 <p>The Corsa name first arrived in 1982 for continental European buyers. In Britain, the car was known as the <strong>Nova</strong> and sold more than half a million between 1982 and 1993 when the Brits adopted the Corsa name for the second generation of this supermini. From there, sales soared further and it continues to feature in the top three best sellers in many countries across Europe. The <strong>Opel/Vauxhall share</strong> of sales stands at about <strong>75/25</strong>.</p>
----------------------------------------
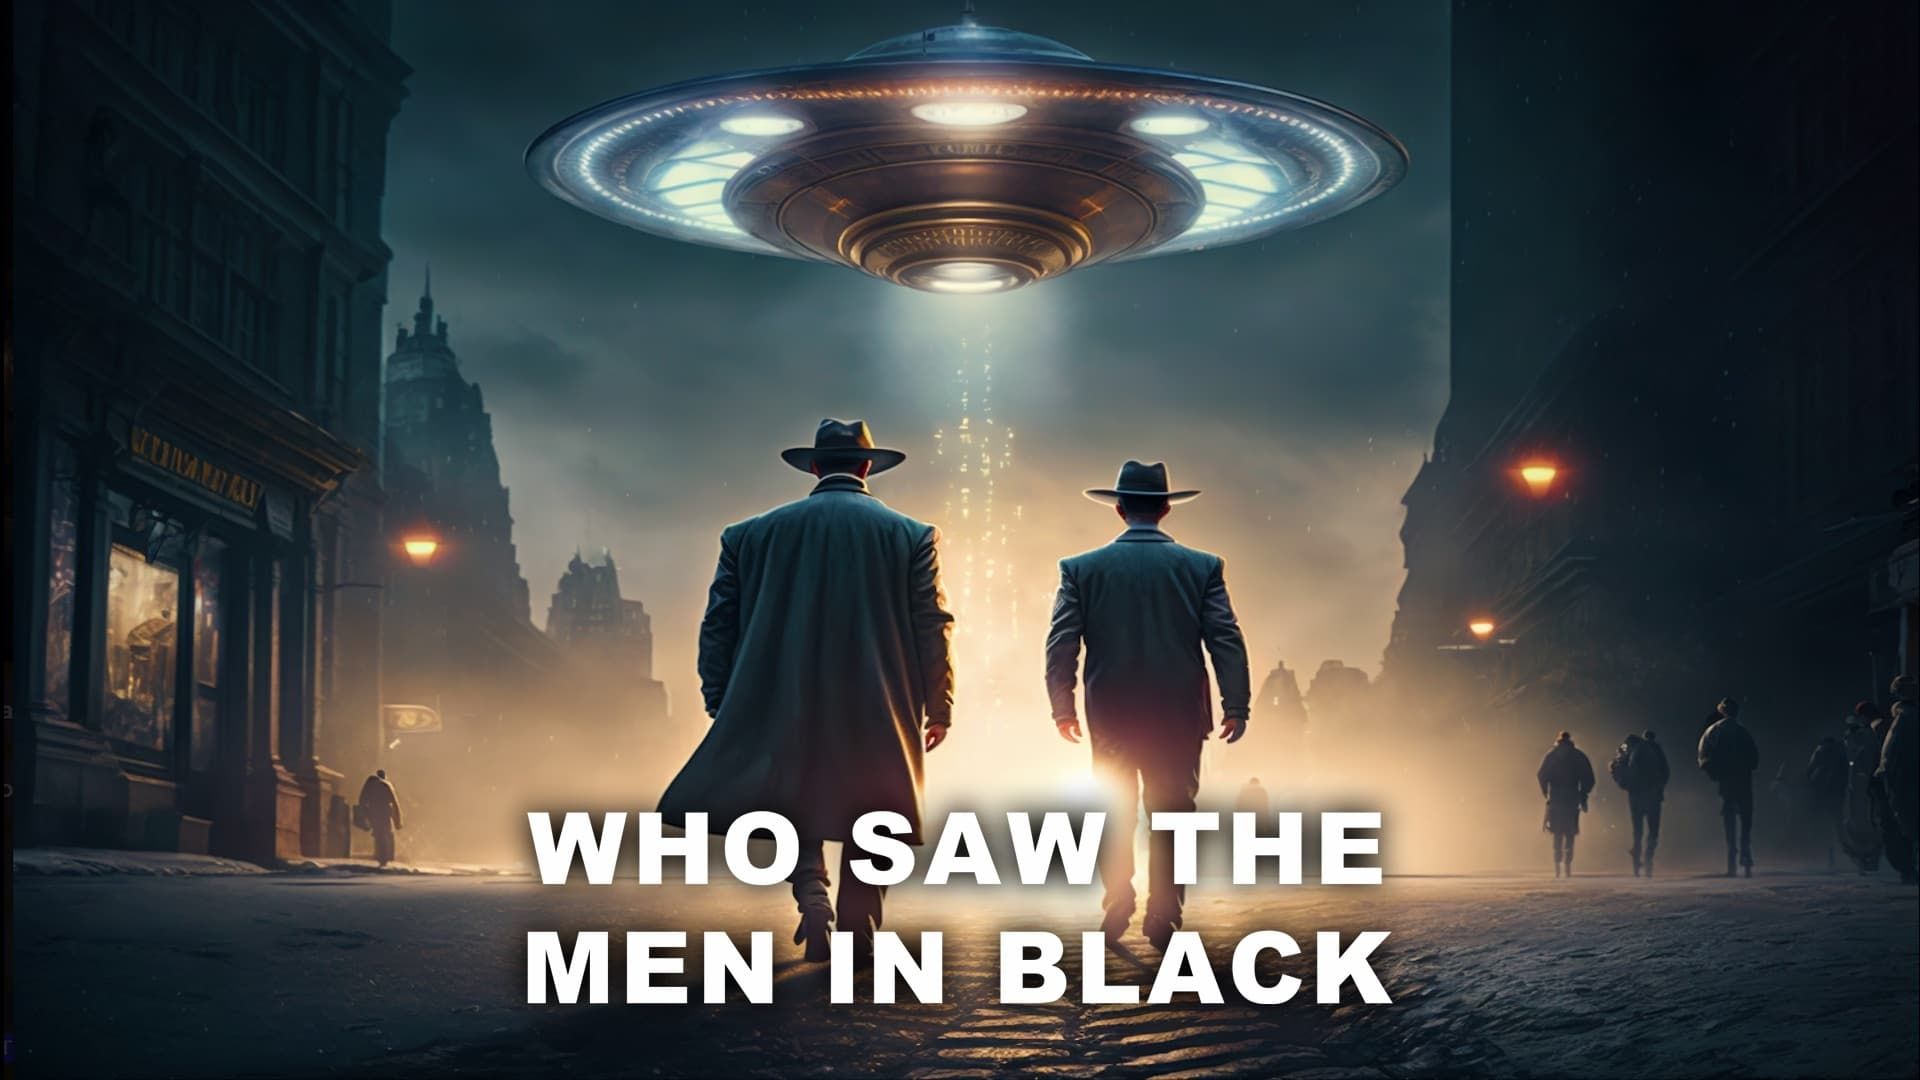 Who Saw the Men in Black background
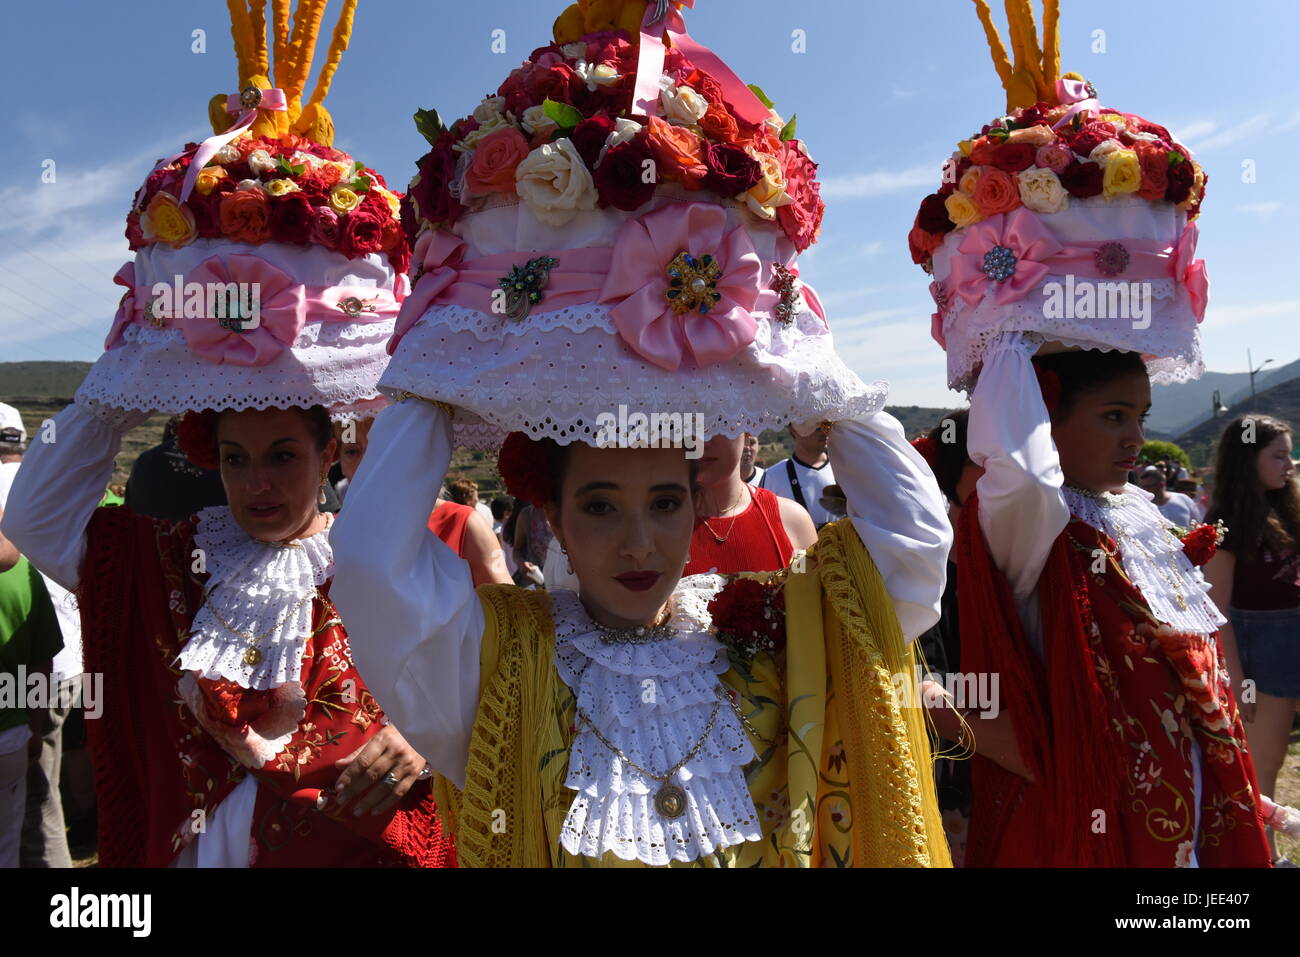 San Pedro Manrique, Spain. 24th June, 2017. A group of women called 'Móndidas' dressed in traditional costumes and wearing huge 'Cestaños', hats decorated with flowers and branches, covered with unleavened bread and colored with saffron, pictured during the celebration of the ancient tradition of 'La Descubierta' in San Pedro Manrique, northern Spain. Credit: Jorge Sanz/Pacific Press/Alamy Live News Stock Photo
----------------------------------------
Reproduce the data above exactly, but only from the line containing "Who Saw the Men in Black background" through the line containing "San Pedro Manrique, Spain.". Omit all pictures.

 Who Saw the Men in Black background
 San Pedro Manrique, Spain. 24th June, 2017. A group of women called 'Móndidas' dressed in traditional costumes and wearing huge 'Cestaños', hats decorated with flowers and branches, covered with unleavened bread and colored with saffron, pictured during the celebration of the ancient tradition of 'La Descubierta' in San Pedro Manrique, northern Spain. Credit: Jorge Sanz/Pacific Press/Alamy Live News Stock Photo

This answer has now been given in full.